Rutemburg sostiene in questo libro, che è diventato a suo modo un classico per una fetta non insignificante di studiosi, come i singoli episodi lotta nel Medioevo italiano, su cui spicca per importanza e a cui giustamente sono dedicate molte pagine del volume quella del “tumulto dei Ciompi” di Firenze, sono altrettanti episodi di quella che si potrebbe considerare già a pieno titolo come esempi di “lotta di classe”. Naturalmente, e non solo per ragioni di spazio, sto semplificando una tesi che ha sfumature molto più sofisticate e un corso logico che apparve ai suoi tempi, e peraltro sembra ancora avere, una sua logica stringente e fortemente motivata.

Sono restio, se non altro per ragioni anagrafiche e di frequentazione di quello che apparve a suo tempo come un libro davvero innovativo rispetto ad una presunta cultura ingessata, a criticare la tesi di fondo del libro. Che è quella, ripeto, secondo cui nella storia universale alcuni episodi appaiono anticipatori, se non prodromici, a quelli che poi saranno i grandi movimenti che si svolgeranno in un futuro più o meno lontano.

E’ decisamente suggestivo credere che il tumulto dei Ciompi sia stato uno dei primi atti rivoluzionari. Lo è altrettanto, con questo criterio, credere che la rivolta di Spartaco ai tempi della repubblica romana, abbia rappresentato una sorta di embrione rivoluzionario.

Qualcuno ha detto che ogni analogia è falsa.

Forse, più semplicemente, le analogie non riescono a decifrare l’attualità. E non converrebbe piegare fatti storici, di cui peraltro l’analisi e la critica non può essere mai univoca, alle esigenze di una attualità che, in qualche modo, è troppo piegata sul presente e manca del “campo lungo” di cui ci sarebbe, viceversa, grande necessità.

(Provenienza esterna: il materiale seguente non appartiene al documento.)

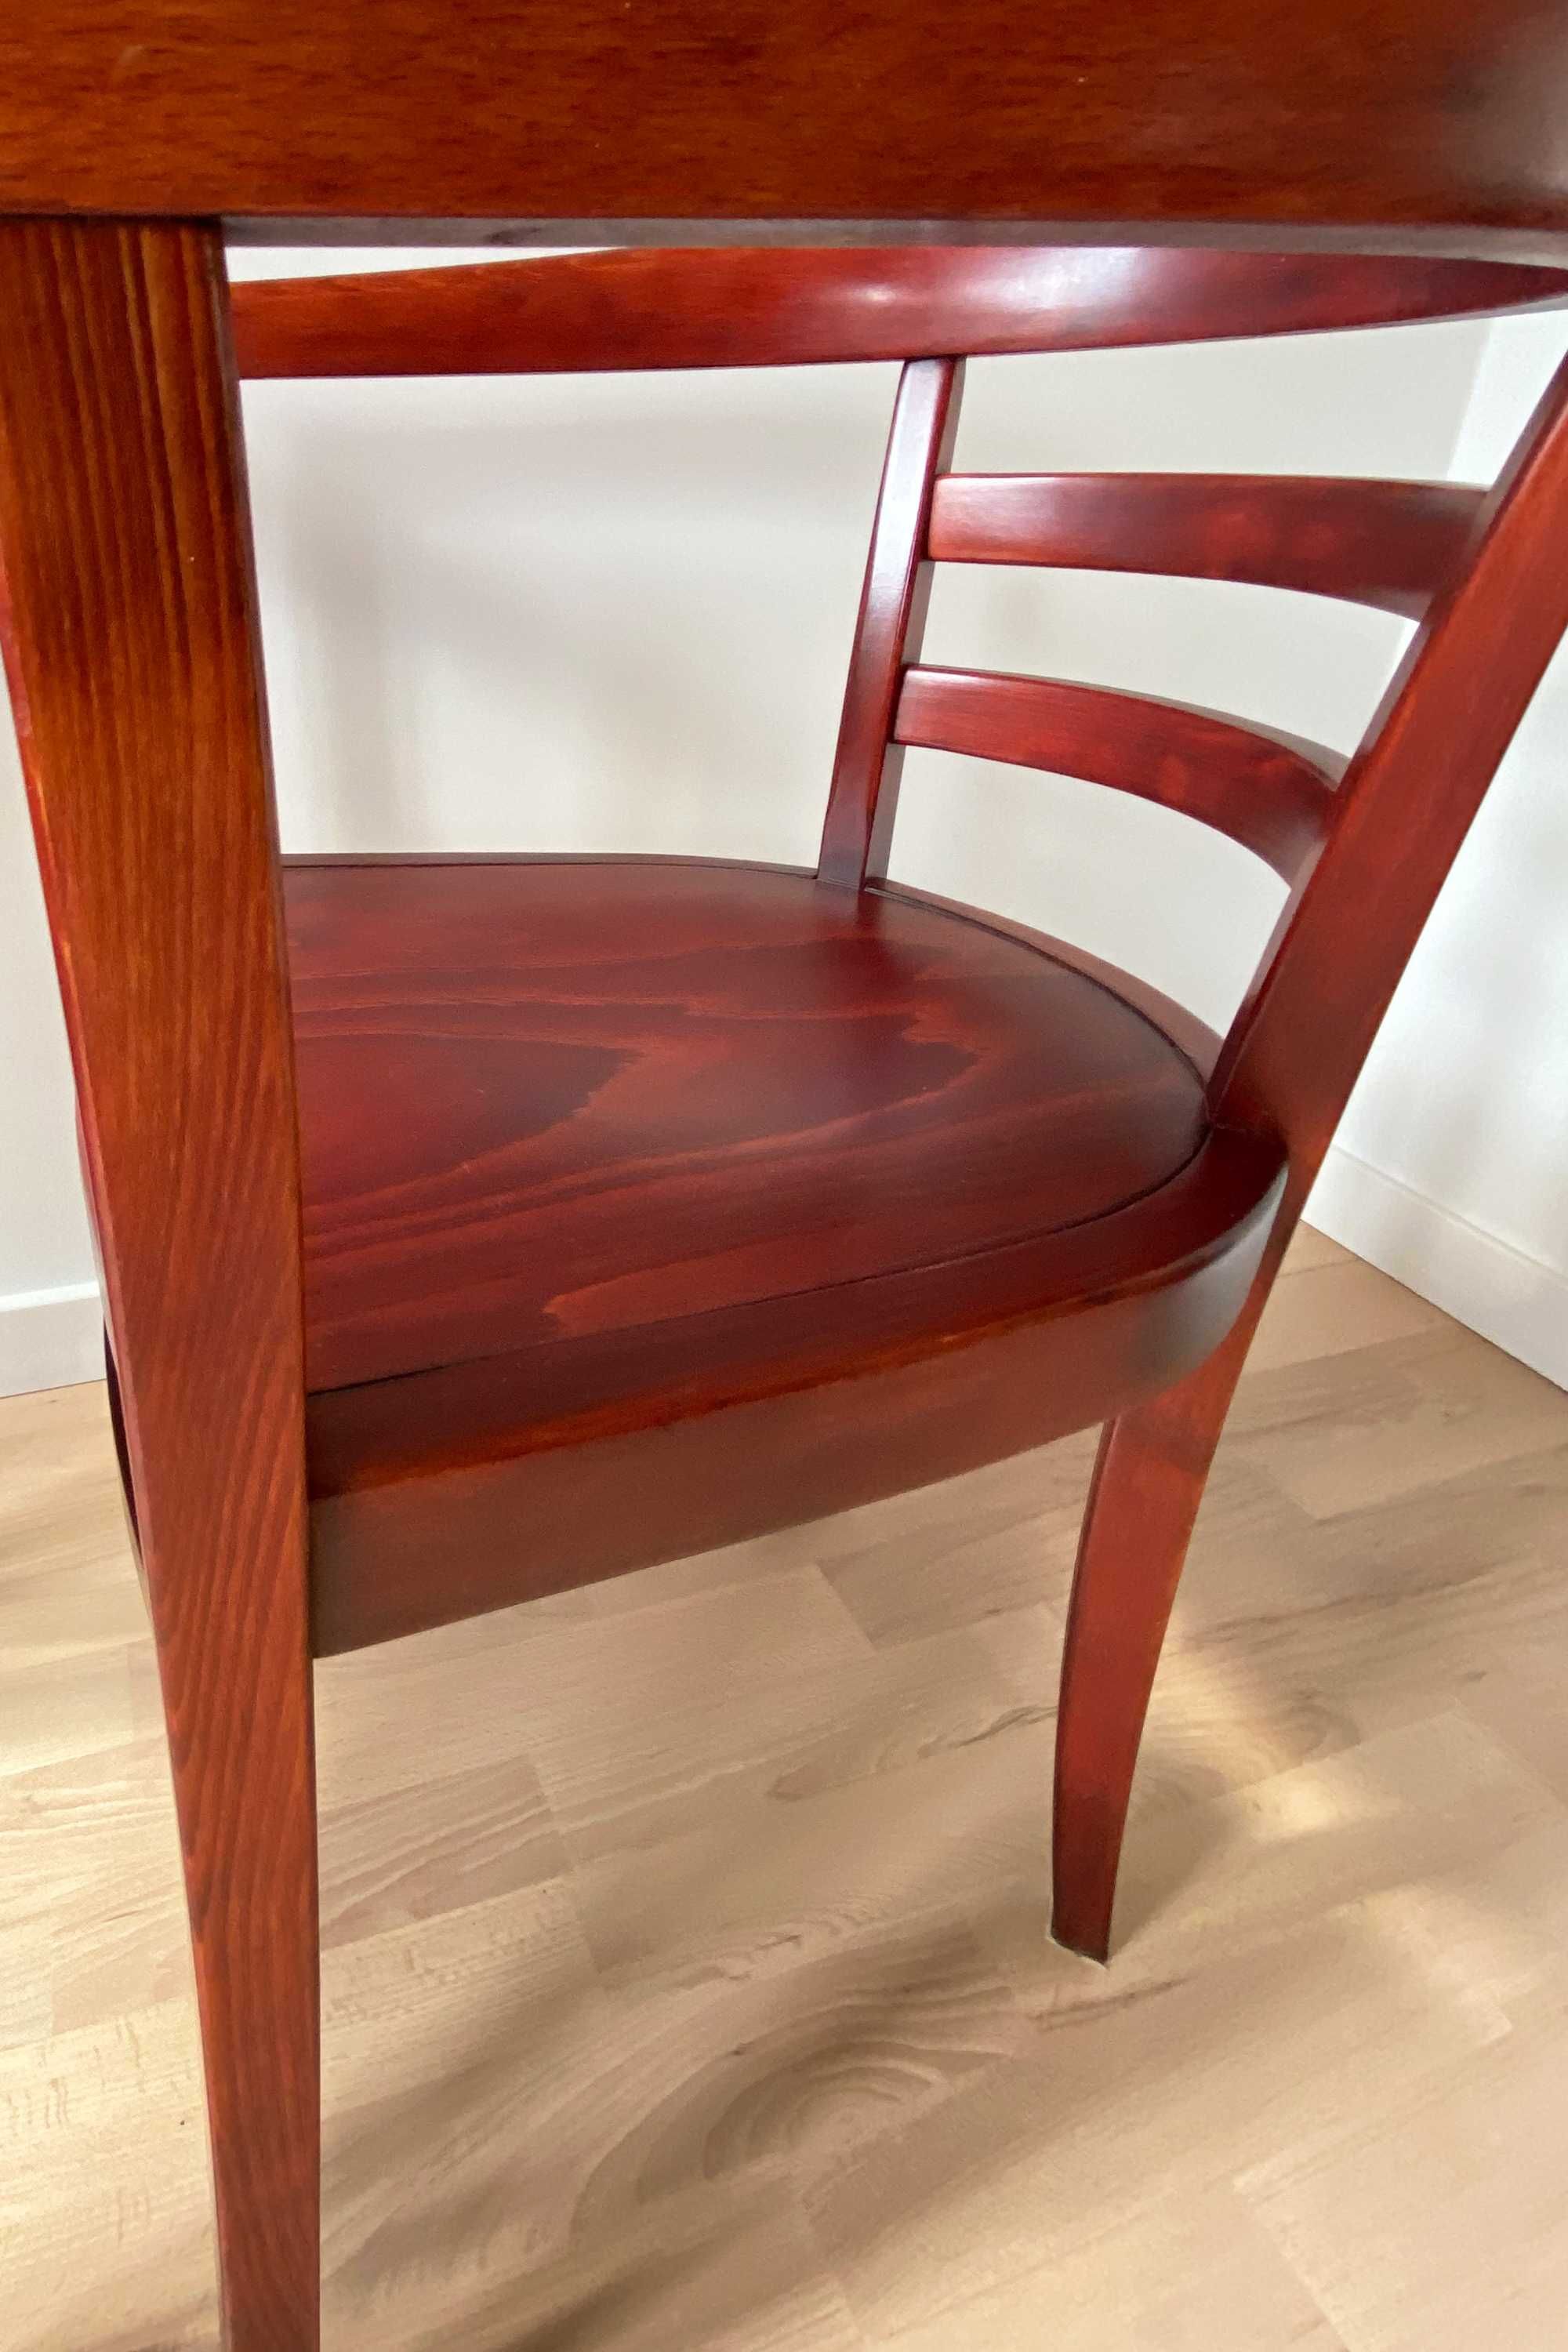 Krzesło Komplet dwóch krzeseł foteli drewno mid century modern

La tesi di fondo di Streek, che parte da un’ analisi della grande crisi finanziaria del 2008, è che, brutalmente, il capitalismo ha in sé tutti gli elementi, tutte le condizioni per autodistruggersi. La sua stessa esistenza, in una situazione “normale”, vira inevitabilmente verso “la catastrofe”. L’unico modo per salvare se stesso, l’unica via, è quella della “crisi”. Delle crisi, per essere più precisi, che costellano la storia del capitalismo fin da quando esso si è imposto come un sistema pervasivo e totalizzante.

“Infatti”-scrive Streek- “la storia del capitalismo moderno può essere interpretata come una successione di crisi a cui il capitalismo è sopravvissuto solo al prezzo di profonde trasformazioni delle sue strutture economiche e sociali, che lo hanno salvato dalla bancarotta in modi imprevedibili e spesso involontari”.

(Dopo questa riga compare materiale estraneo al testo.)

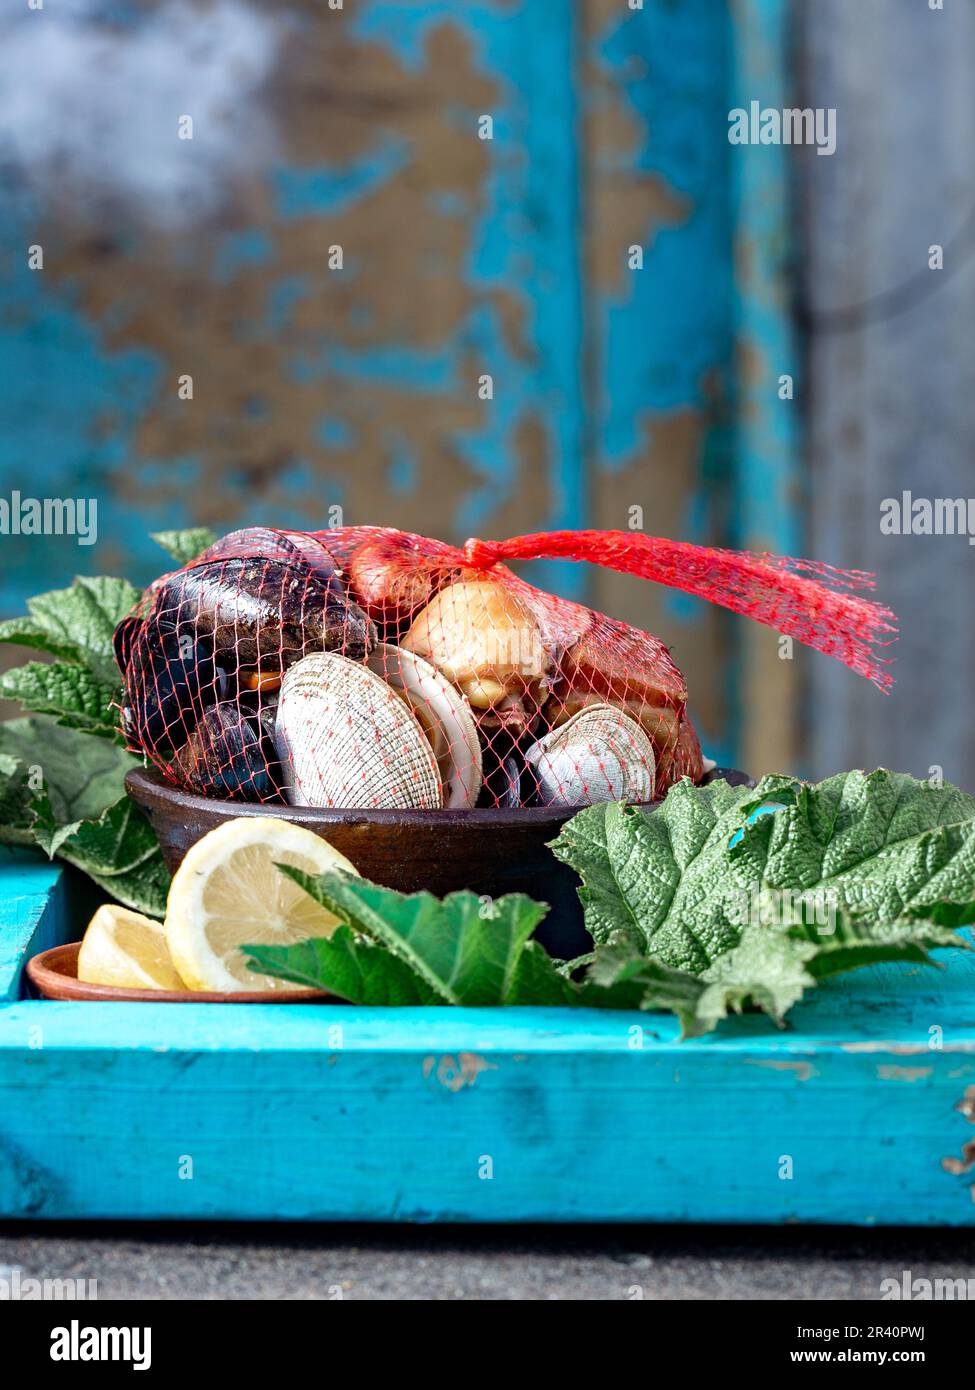 Berühmtes traditionelles Gericht im Süden Chiles und der Chiloe-Inselgruppe - Curanto al Hoyo, Kuranto. Verschiedene Meeresfrüchte, Fleisch A. Stockfoto

Ancora: “Alla luce dell’instabilità intrinseca delle società moderne fondate e plasmate dinamicamente da un’economia capitalista, non c’è da meravigliarsi se le teorie del capitalismo, dal momento in cui il concetto fu adoperato per la prima volta all’inizio del 1800 in Germania e alla metà del medesimo secolo in Inghilterra, si sono sempre prefigurate anche come teorie della crisi. Ciò vale non solo per Marx ed Engels, ma anche per scrittori come Ricardo, Mill, Sombart, Keynes, Hilferdink, Polaniy e Schumpeter, che si aspettavano tutti, in un modo o nell’altro, di assistere, nel corso della loro vita, alla fine del capitalismo”.

Anche perché, occorre aggiungere, il rapporto tra il sistema capitalistico e le strutture politiche degli stati è stata tutt’altro che lineare e costante.

In realtà, nota l’autore, “Il capitalismo, un modo non violento e civilizzato di auto-arricchimento materiale attraverso lo scambio di mercato, ha dovuto districarsi dal feudalesimo in alleanza con l’anti-autoritarismo liberale e con i movimenti popolari per la democrazia. Tuttavia, l’associazione storica tra capitalismo e democrazia è sempre stata un’associazione scomoda segnata, soprattutto nei periodi precedenti, da un forte sospetto reciproco”.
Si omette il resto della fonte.